I have spent so much of my life is foreign countries, I am quite used to not fitting in. I am usually the only professional woman,North AmericanUK citizen and/or Christian in the meeting, in the store, in the building, in the cafe. Being “other” doesn’t bother me, but when the “othering” happens in my native country, it is an odd feeling.

I spent 2 days at a hotel in my hometown this past summer and it was fascinating to be emphatically put in my place and made to feel unwelcome.

When I had made the reservation, I had asked for a “quiet room.” And when I walked into the room, what do I see? A door connecting my room to another room – yes, the door is locked, but connecting doors are less sound-proof. And yes, I could hear every word of the news report the people next door werelistening to. Sigh.

I go back to the reception desk and am told there is nothing to be done because, shrug, you are the last person to check in. It’s 10pm. I guess all the real people show up at hotels at 4 pm and are tucked into bed by this time.

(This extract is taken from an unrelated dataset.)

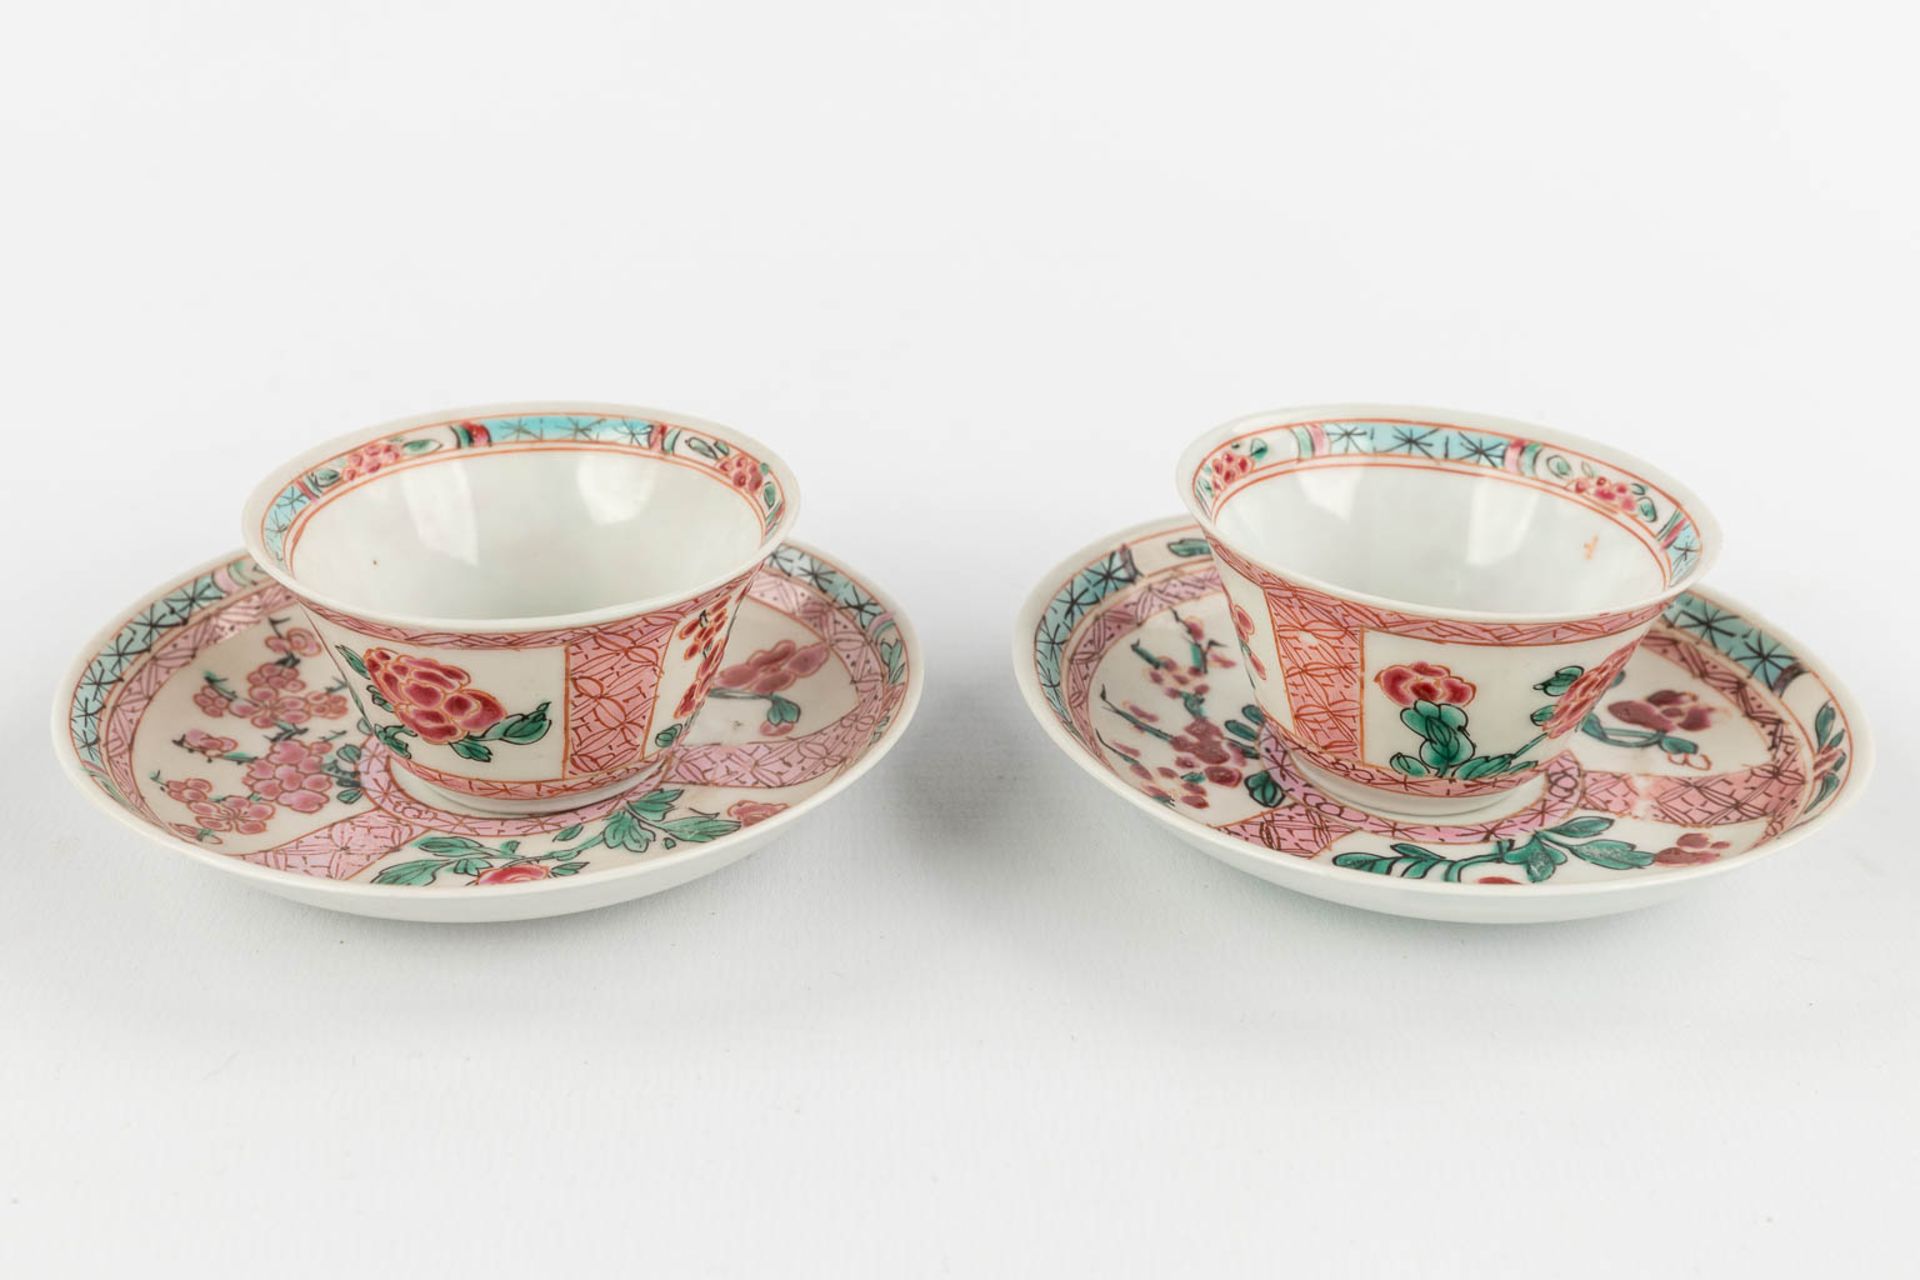 A collection of Chinese and Japanese porcelain, Imari, Blue-white, Famille Rose. 19th/20th C. (D:21 - Image 8 of 19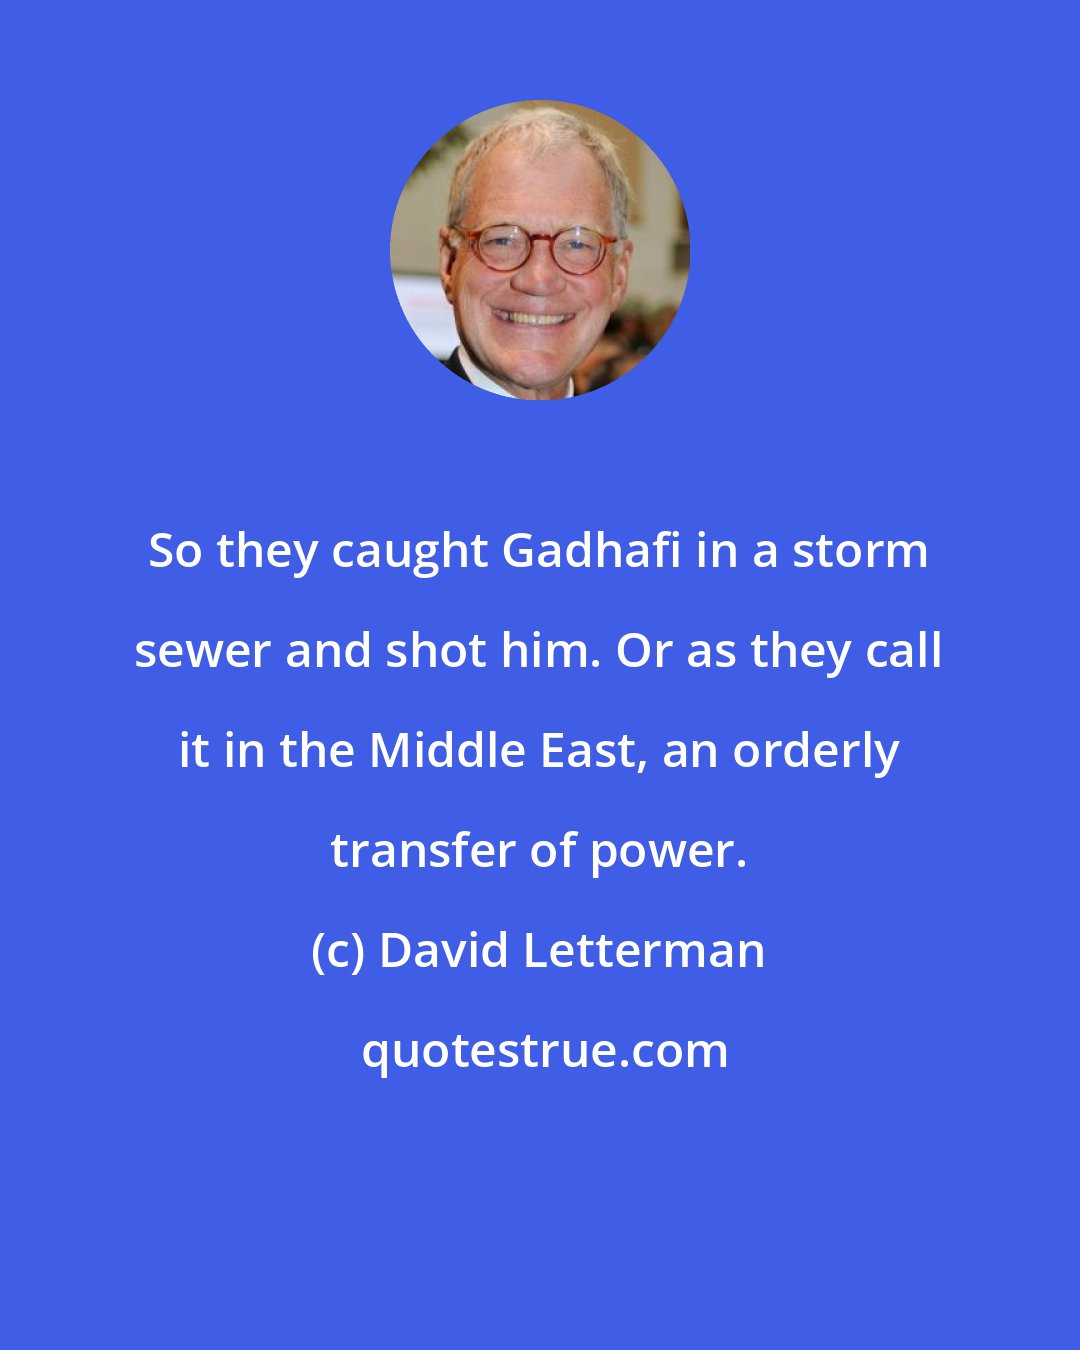 David Letterman: So they caught Gadhafi in a storm sewer and shot him. Or as they call it in the Middle East, an orderly transfer of power.

So back to my loud room, where there is a carefully wrapped, home-made treat on the desk. No label to say what it was and no list of ingredients. Clearly, “real people” know what it is and have no food allergies.

It was impressive how the staff missed no opportunity to show their displeasure with my presence. At breakfast they first morning, the waiter brought me the check WHILE I WAS STILL EATING. And the buffet was open for another 45 minutes. As I had nothing else to do while ignoring the check, I kept tabs on the other tables. All the other guests had the check brought upon request or after they had tossed their napkins on the table.

And such a breakfast! A feast for Puritans! The coffee was served from an URN! When was the last time you saw that? The scrambled eggs were cold and the only one kind of juice: orange. The bread (one kind, did you want a CHOICE of bread? You heathen!) was piled in one area, nowhere near the toaster. And (happy mortification of the flesh!) the butter was missing in action.

You could sense the management trying desperately to limit any possible joy – only 4 of the 12 tables had floral centerpieces. Really, carnations are so expensive this year?

That afternoon, I walked by the front desk, aiming for the restaurant which had a door to the street I wanted to get to and the clerk called out to me that the restaurant was open. I said, “I know, I want to get to X Street.” He shook his head and pointed to the main door.

Alors! I was so infra-dig I was NOT ALLOWED TO WALK THROUGH THE RESTAURANT.

So I walked out the main door, down the street, turned the corner and passed the restaurant. Of course, I took extra care to go in the restaurant door on the way back.

The shower didn’t drain and when I told the reception clerk, the response was (and I quote), “oh.”

Clearly it was the kind of place where you have put up with this nonsense for 30 years, then you will treated like special guest.

May the offspring of a thousand bugs nest in their beds and the offspring of a thousand termites munch on their timbers.